Fighting Fatigue

The end of the year is almost upon us and I hope its been good for all three readers out there. 😉

The past weeks I’ve been confronted with the question about how to carry on after the initial enthusiasm and inertia fades.

What I love about working with Daniel is the how he manages to simply keep up. If one of us has an idea, we can bounce it around in a couple of sentences so that we share the understanding of what it is we want, and within a day or two I’ll usually get a functioning version of what was asked for. Which by the way is then never really what I want, but the speed of it leads to excitement of possibilites and further discussion on how the feature should really be. The improvements follow just as quickly afterwards. It all creates a really continuous back and forth where development is in flow and I get to see something not just taking form but becoming quite highly polished in an incredibly short space of time. That itself creates a game of enthusiasm and inertia. The product becomes a veritable firework display of new functionality, enhancements and UI changes.

The problem comes when that cycle stops. It happens for any number of reasons, but when it does it can be incredibly hard to get back into the same sort of flow.

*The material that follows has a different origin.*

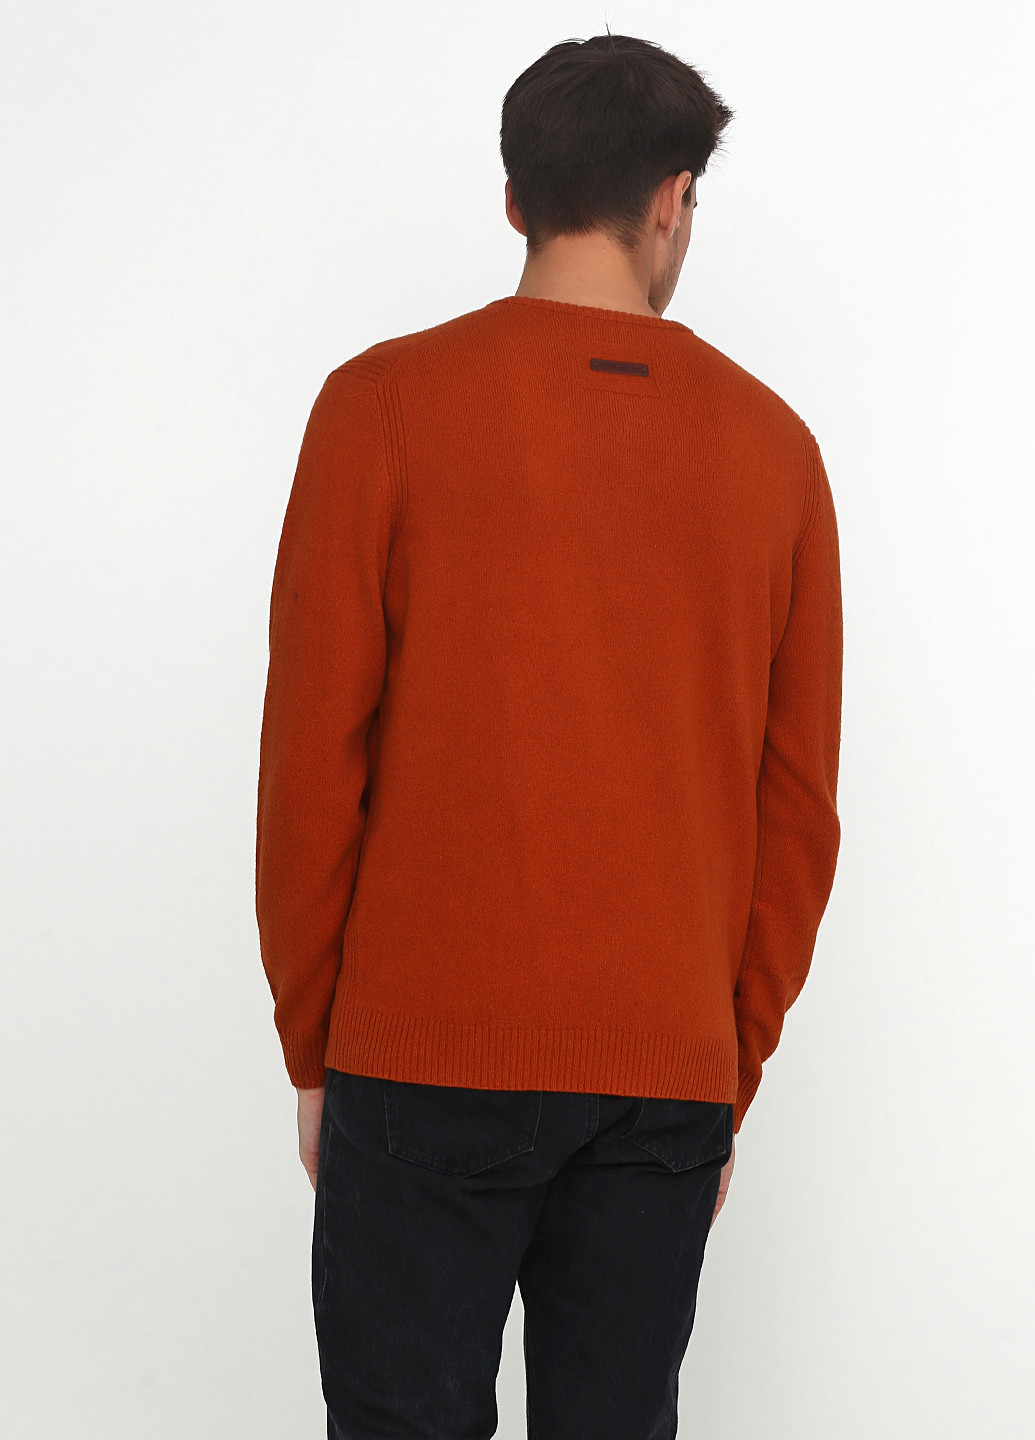 Терракотовый демисезонный пуловер пуловер Camel Active

I recently hit this wall with our App. I took time to thinking hard over the past couple of weeks why.
The idea for the app is simple. The App itself has become a miniature work of art. But I found that I was ignoring it and was really trying to understand the reasons behind it.

The answer was relatively simple, I no longer engage with the app because i’m bored with it. It does what I want it to do. The solution is far more tricky, because I saw it as not just about how I deal with the app, but every users engagement. How do you keep a users interest high enough to keep on coming back? As the designer its a simple task to ask for new features or changes to be made. A normal person doesn’t have that ability and yet we expect them to come back each day and use it, how?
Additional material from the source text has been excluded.